In 1986, he was admitted to the joint training plan of graduate students by Department of Materials of Zhejiang University and the (Chinese Academy) Shanghai Institute of Optics and Fine Mechanics. During this period, he created a flux method of crystal growth. He earned a master's degree in 1989 and was employed as an engineer of the Electronic Engineering department of Shenzhen University, specializing in research on phase-conjugate mirrors in fiber optics.

In order to learn more about computer technology, Chang was admitted to the South China University of Technology as a PhD student in 1991, specializing in Computer Integrated Manufacturing System (CIMS) applications in the ceramic industry.

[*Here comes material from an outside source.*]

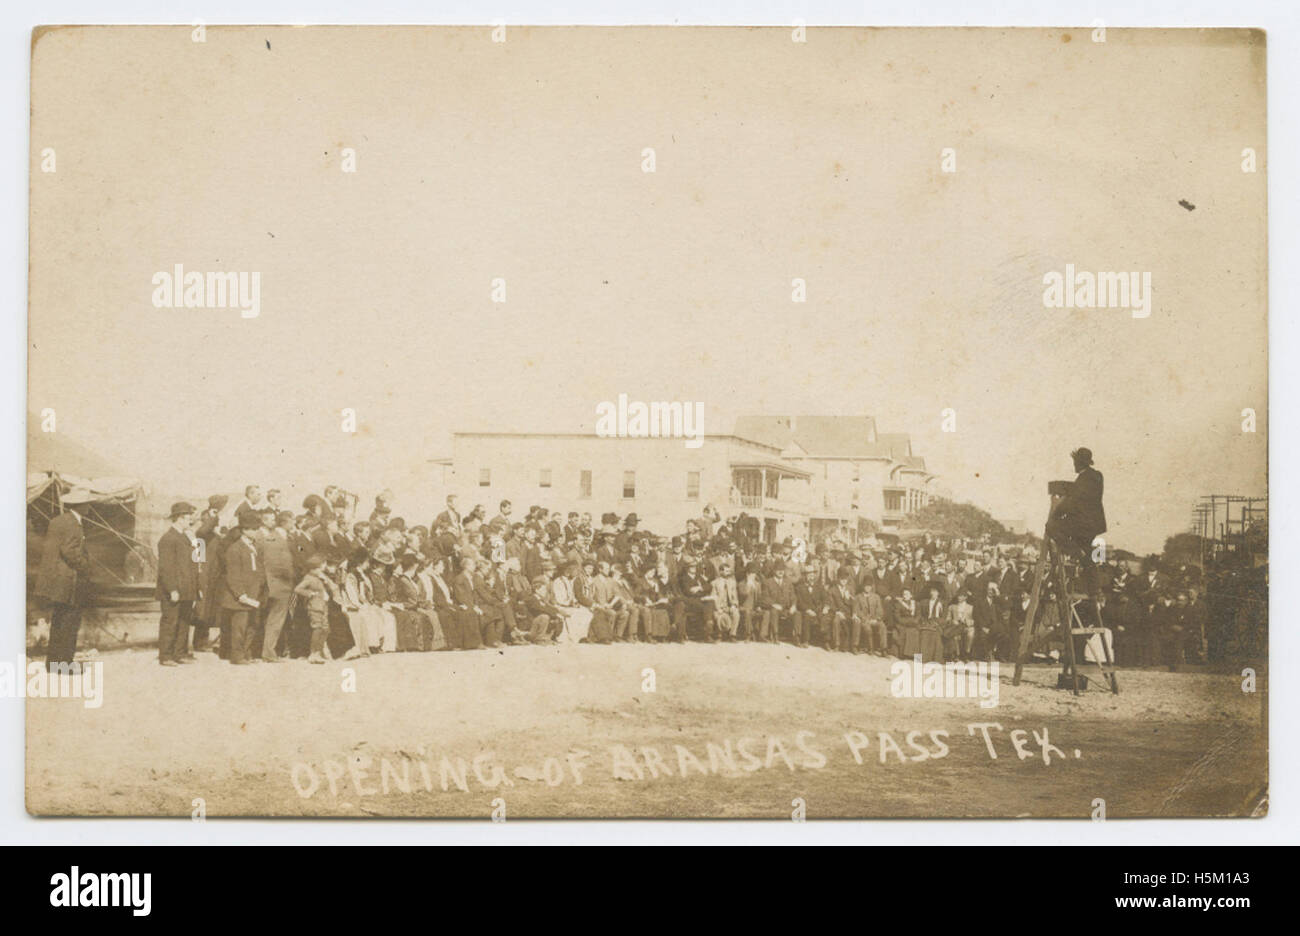 Opening of Aransas Pass, Tex - Stock Image

During his studies, he developed application software systems for government departments in Guangzhou City.

== Career ==
In 1996, Zhang was employed as the leader of Guangzhou Institute of Computer Application CIMS Research Office, and general manager of Guangzhou Cash Register Company and general manager of Guangdong and sanmei company.

He emigrated to Canada in 1999 and was naturalized as a Canadian citizen in 2002. During this period, he mainly developed computer software and created computer technology services.

In 2003, Zhang was employed as general manager of Tianjin HeYi Digital Technology Co., Ltd. In 2004, he was employed as general manager of Guangzhou Jia Computer Technology Co., Ltd. In September of this year, he was employed as a foreign expert of Ningbo University of Technology and returned to Canada in 2007. During three years in Ningbo, he served as general manager of Tian Mei Technology Co., Ltd., served as project Leader of high-tech project for Ningbo Municipal Science and Technology Committee (NMSTC) and served as expert in enterprise information technology for Ningbo Municipal Economic Committee. He completed 3 high-tech projects of NMSTC, mobile office service platform system based on a three dimensional digital enterprise map, interactive network monitoring, on demand system based on three-dimensional virtual reality, and multi-point gas leak sensor network early warning system based on a nano-sensing chip.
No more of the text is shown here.